Она так соблазнительна в своих ограничениях. Я, черт возьми, не знаю, как я продержусь внутри нее.
— А тебе, кажется, это чертовски нравится.
Я улыбаюсь.
Я сокращаю расстояние между нами, притягивая свое тело к ее телу, мои пальцы берут ее
— Мне это нравится, — говорит она, и из моего горла вырывается гортанный стон.
любовь.
Это драгоценное слово, вырвавшееся из ее рук, стало последней каплей.
ГЛАВА ТРИДЦАТЬ
ЭЙВЕРИ
Лука подносит свои пальцы к моему рту, и я жадно облизываю каждый из них, прежде чем он возвращается к устойчивому ритму на моем набухшем клиторе. Ограничения усиливают ощущение новой кульминации, нарастающей во мне.
Как я могу ненавидеть что-то и так чертовски любить одновременно? Возможно, у этих связей есть цель.
Я хочу его.
Он нужен мне.
Он так хорошо работает с моим телом, не пропуская ни единого удара, и я чувствую, что легко поддаюсь его прикосновениям.

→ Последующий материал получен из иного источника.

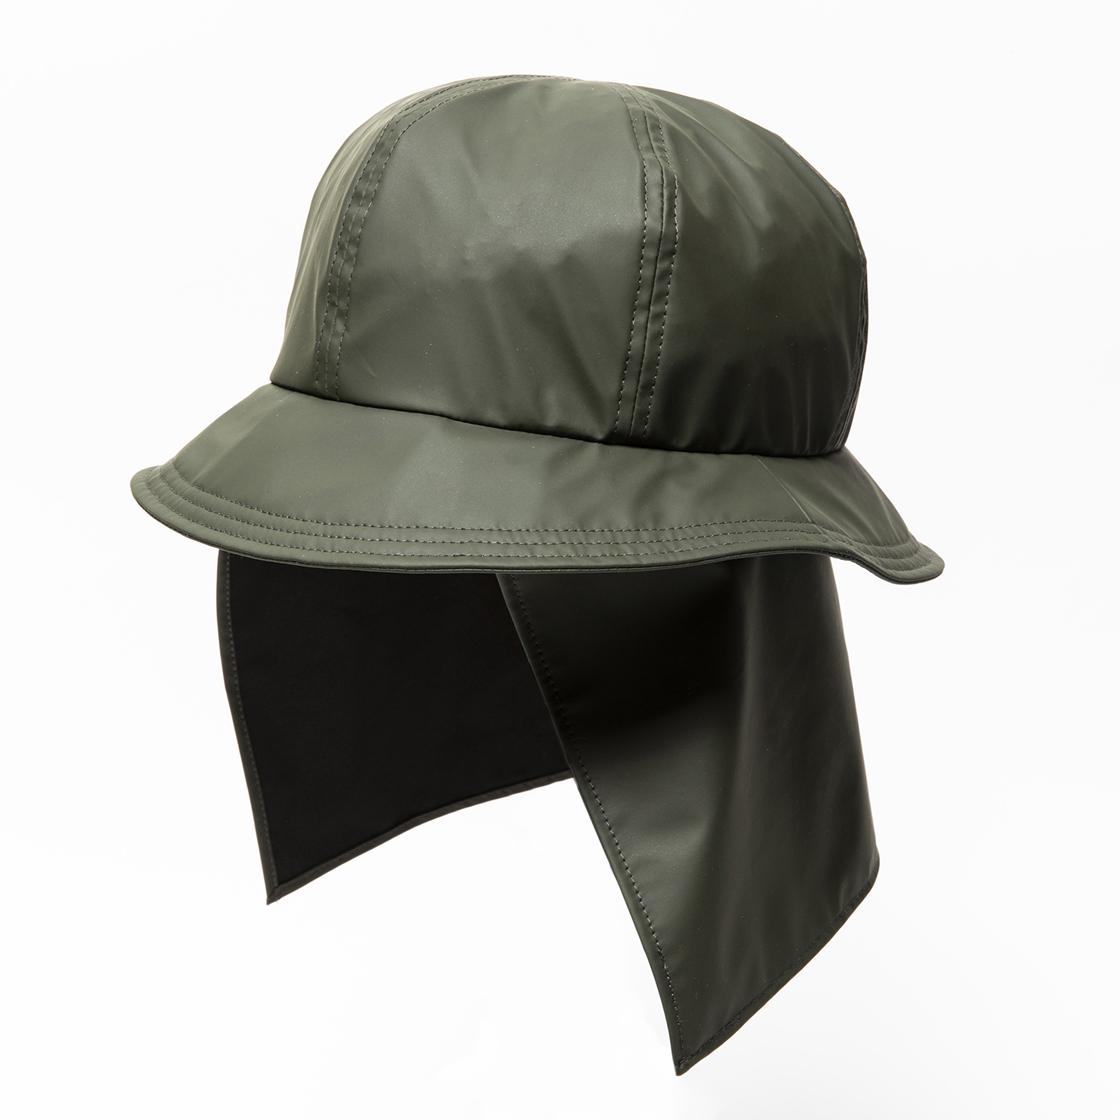 Rubber Cloth Shade Cover Coal

Лука опускает свое лицо к моему и нежно целует меня, прежде чем прошептать: —Помнишь, я сказал, что ты будешь умолять меня?

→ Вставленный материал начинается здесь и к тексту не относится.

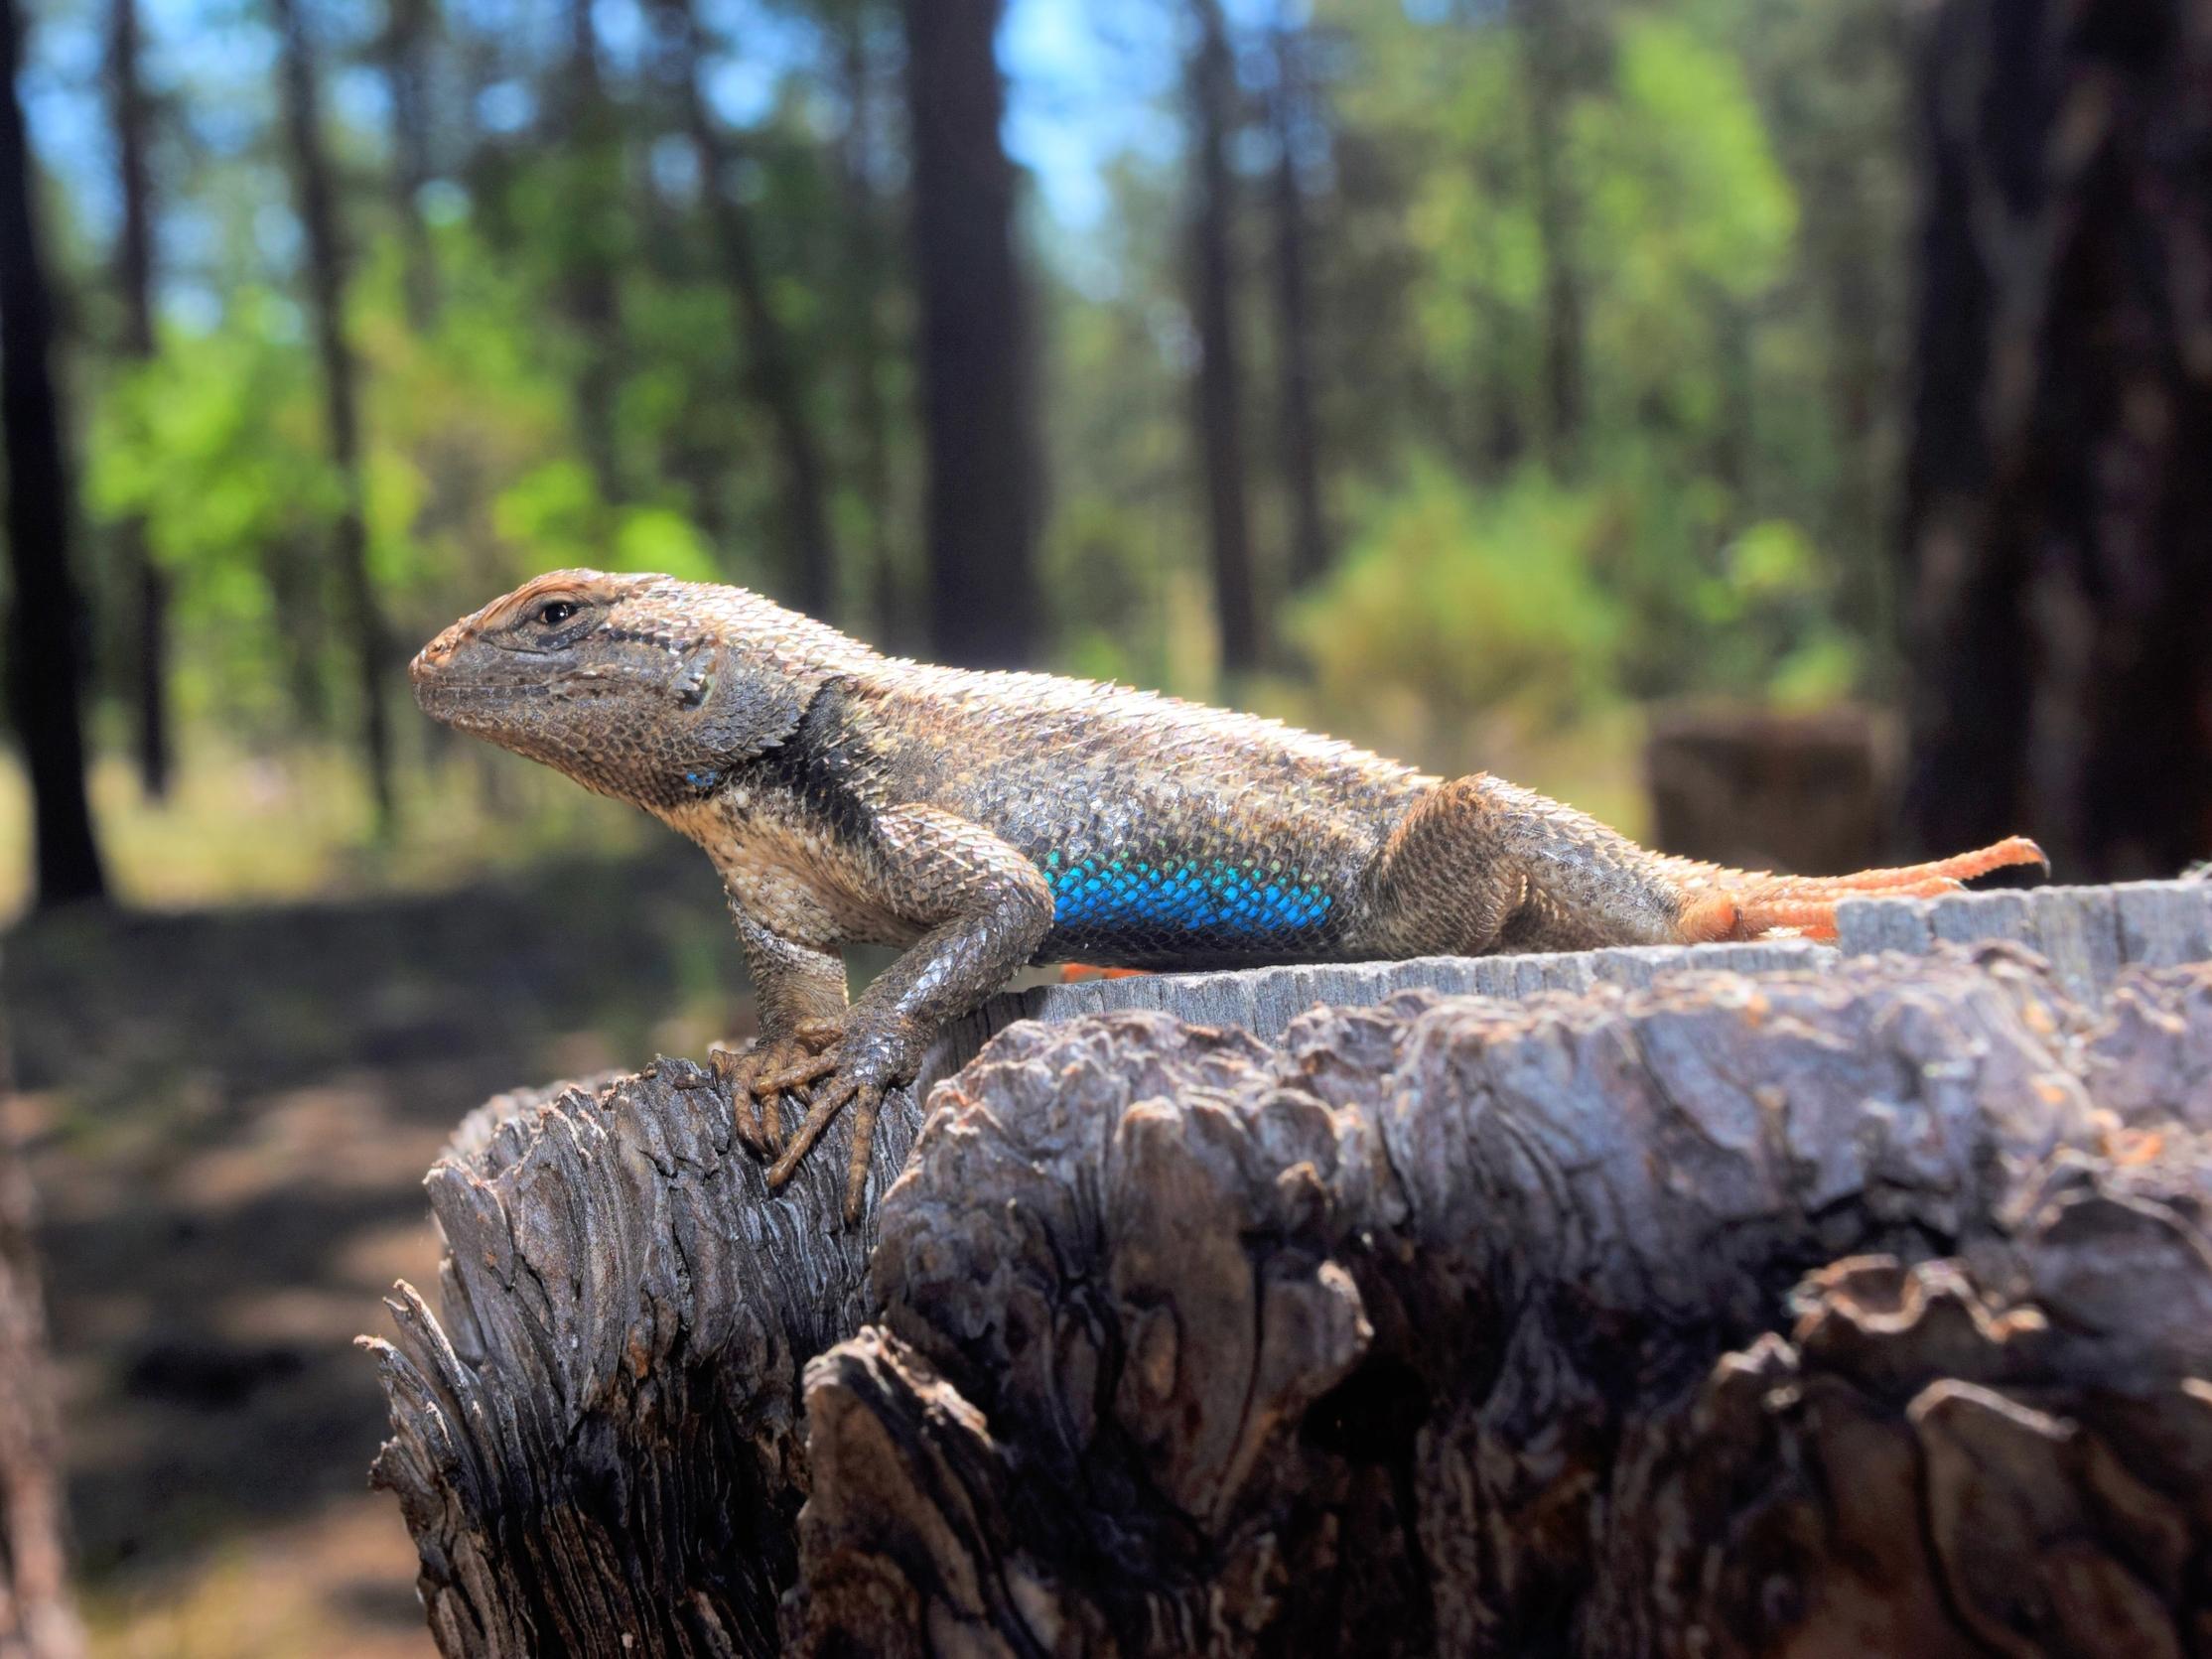 Male plateau fence lizard ( Sceloporus tristichus ). photo credit: A. Camacho

Из меня вырывается стон. Он что, черт возьми, шутит прямо сейчас?
— Этого не произойдет.
Я говорю сердито.
Лука полностью замирает, и мое тело выдает меня. Я испускаю еще один гневный стон, когда мои бедра отчаянно следуют за ним. Я почти смущена тем, насколько я расстроена. Тем не менее, каждый дюйм моего тела определенно просит большего.

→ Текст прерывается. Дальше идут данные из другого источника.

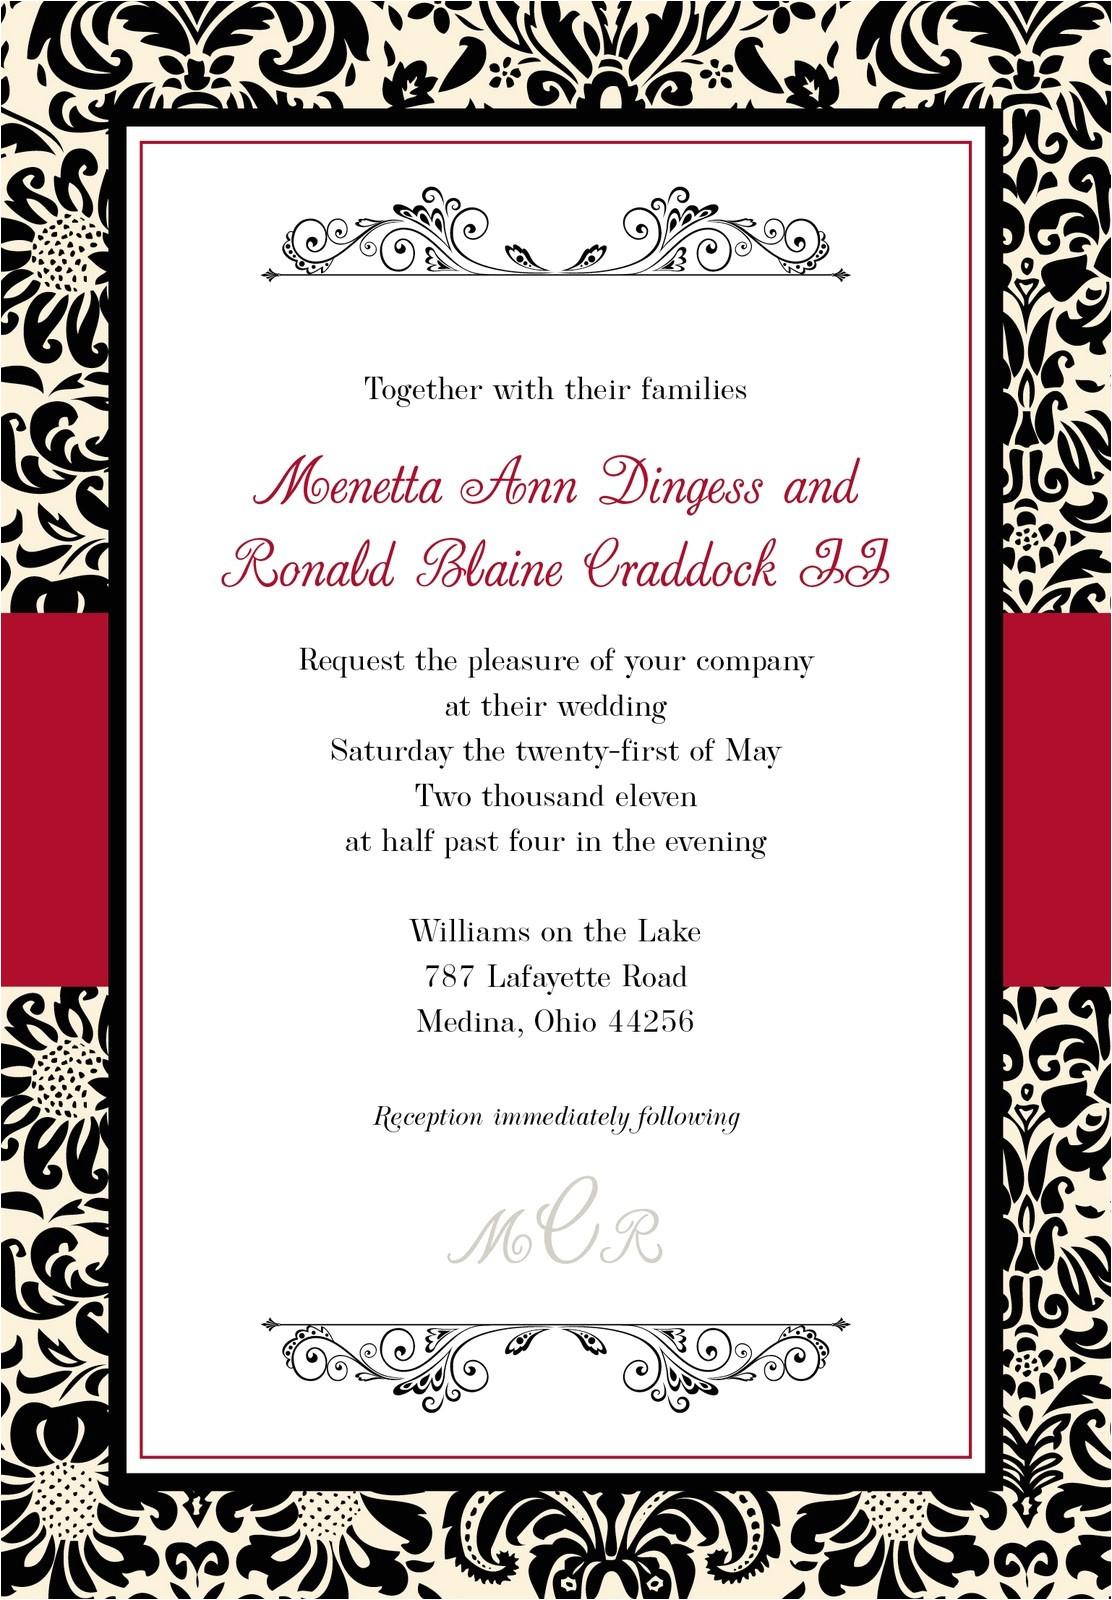 blank wedding invitation templates black and white

— Прошлой ночью ты, кажется, очень этого хотела.
Мои щеки горят от напоминания.
— И что? — Я дразню.
— Если хочешь, чтобы тебя трахнули, Эйвери… Моя любимая мальчишеская улыбка превращается во что-то темное и бурное. — Тебе придется хорошо попросить.
Никакая часть меня не хочет превращать это в игру. Он нужен мне.
Требовательный крик вырывается из меня, и я неохотно срываю желание с губ. — Трахни. Меня.
Моя влага прилипает к плоти моих бедер, когда я извиваюсь и поворачиваюсь на соблазнительном расстоянии от его тела. Лука подносит одну из своих больших рук к моей челюсти и крепко сжимает. Вместо этого я хочу чувствовать его пальцы на своей шее. Я осторожно тяну путы, проклиная тот факт, что не могу наклониться и погладить его.
Он сводит меня с ума.
— Как будто ты это имеешь в виду.
— Лука.
Я кусаюсь раздраженным тоном. Он продолжает парить надо мной, его большая рука все еще обхватывает мое лицо, и на его чертах появляется коварное выражение.
—
— Г-н. Наварро, — кусаю я. — Пожалуйста, трахни меня, чертовски жестко.
Нет смысла играть скромно. Я болею за него.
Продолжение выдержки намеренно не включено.